Table 1. Details of the matchups between the observations for WWUK with Landsat and Sentinel satellites. The viewing and solar zenith and azimuth angles are measured clockwise from North.

3 Results

3.1 Spatial variability

The heterogeneity of the site within a satellite ROI extraction can be seen in Figure 2, which shows the average airborne reflectance spectra (red data series) and the variability of the spectra within a 100 m × 100 m area around the flux tower (red shaded area) and the reflectance spectra from the exact pixel of the deployment of the HYPSTAR instrument from the airborne data (black data series). The spatial variability is expressed as k = 1 uncertainty and derived as the standard deviation of all pixels in ROI of airborne data. There is a slight underestimation in the HYPSTAR pixel in the NIR and SWIR bands in comparison to the average for the ROI. For all bands, this difference is less than the variability of the spectra within the ROI. The absolute difference between the two spectra in the visible range is less than 0.01, increasing to between 0.01 and 0.04 in 800–1,400 nm (Figure 2).

Figure 2

Figure 2. (A) Reflectance profiles for the central pixel and the ROI average with the standard deviation (k = 1) of the ROI plotted. (B) The absolute difference per wavelength between the ROI average and the central pixel, with the standard deviation (k = 1) of the ROI plotted. (C) The spectral relative absolute error (RAE) between the central and ROI spectra.

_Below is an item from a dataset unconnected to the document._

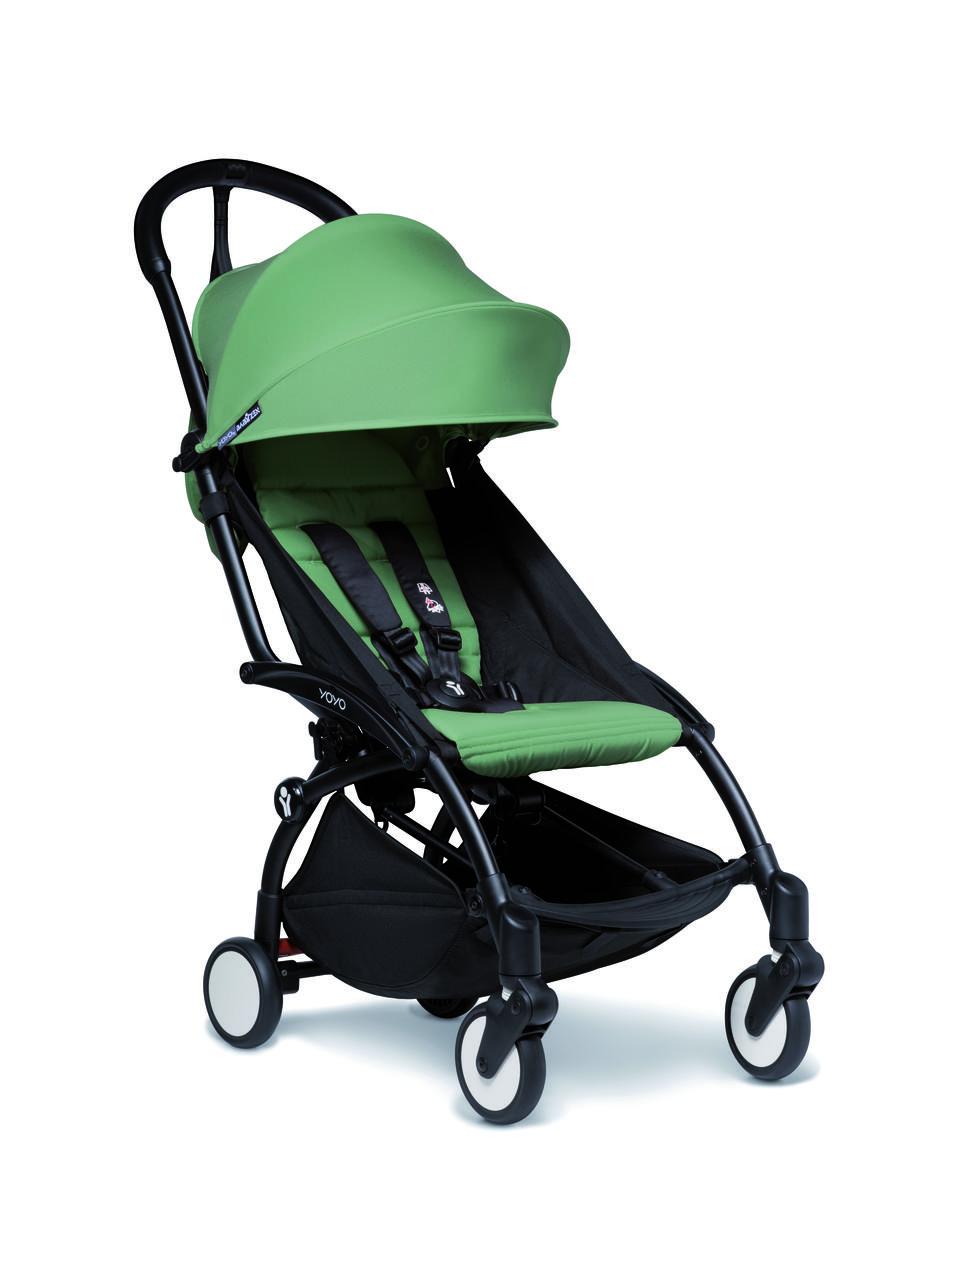 Прогулочная коляска BABYZEN YOYO² с 6 месяцев (шасси Black) Peppermint (BZ10109-02, BZ10104-08)
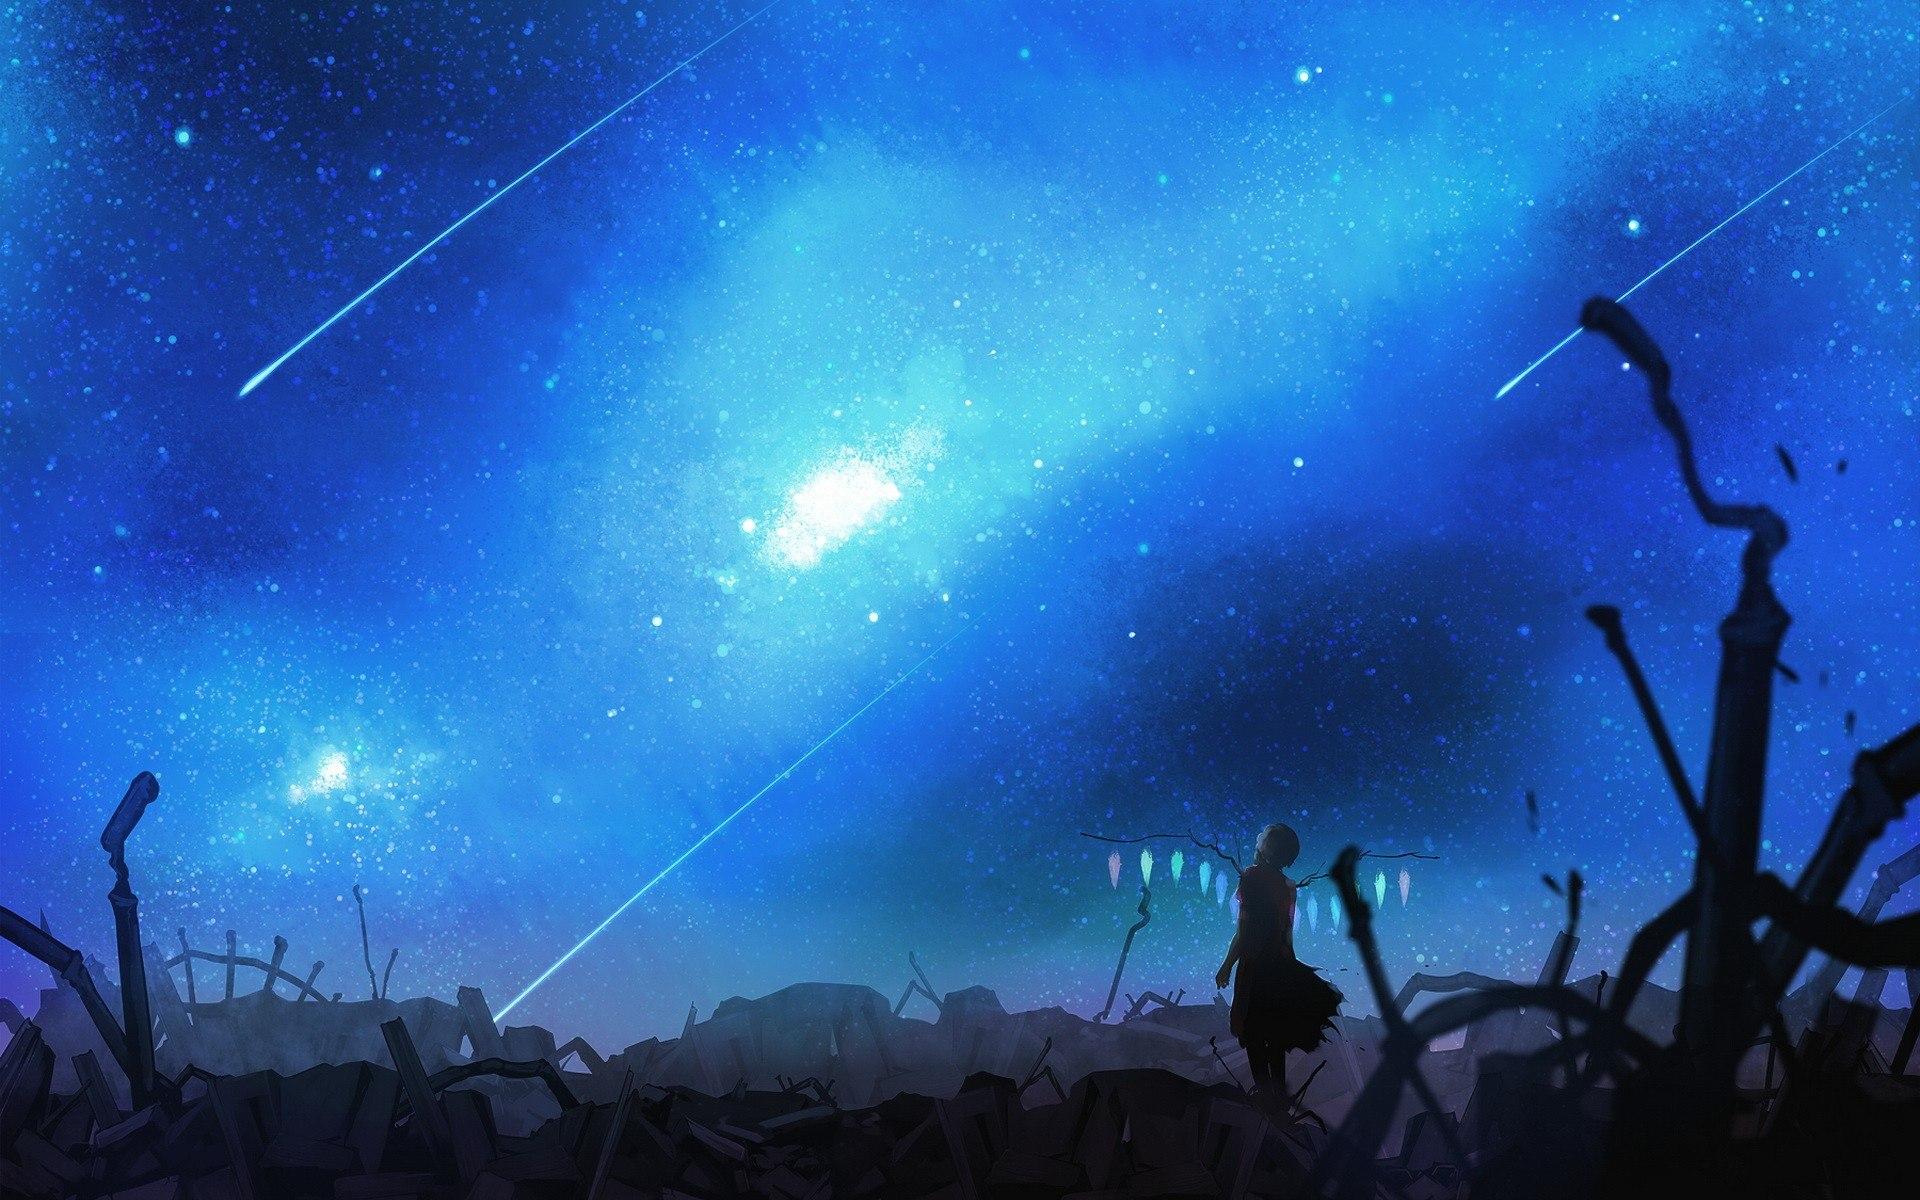 Blue Sky Anime Scenery Free Wallpaper Picture #72892 Wallpaper

The Spectral Relative Absolute Error (RAE) was used to evaluate the representativeness of the airborne spectral reflectance profile of the pixel where the HYPSTAR instrument is deployed in comparison to the ROI average spectral reflectance profile (Xu et al., 2016). A smaller RAE value means the location of the HYPSTAR instrument is representative of the ROI at the spatial scale of the airborne data (Hakuba et al., 2013). In Figure 2 it can be seen that the location of the HYPSTAR instrument is representative of the overall 100 m × 100 m ROI. In the visible and NIR bands a near perfect relationship is seen with an RAE less than 20% at 400 nm and decreasing to less than 10% from 500 nm onwards. There are a few increases in the RAE values corresponding to bands affected by aerosols and water vapour bands in the atmosphere which would affect the airborne data.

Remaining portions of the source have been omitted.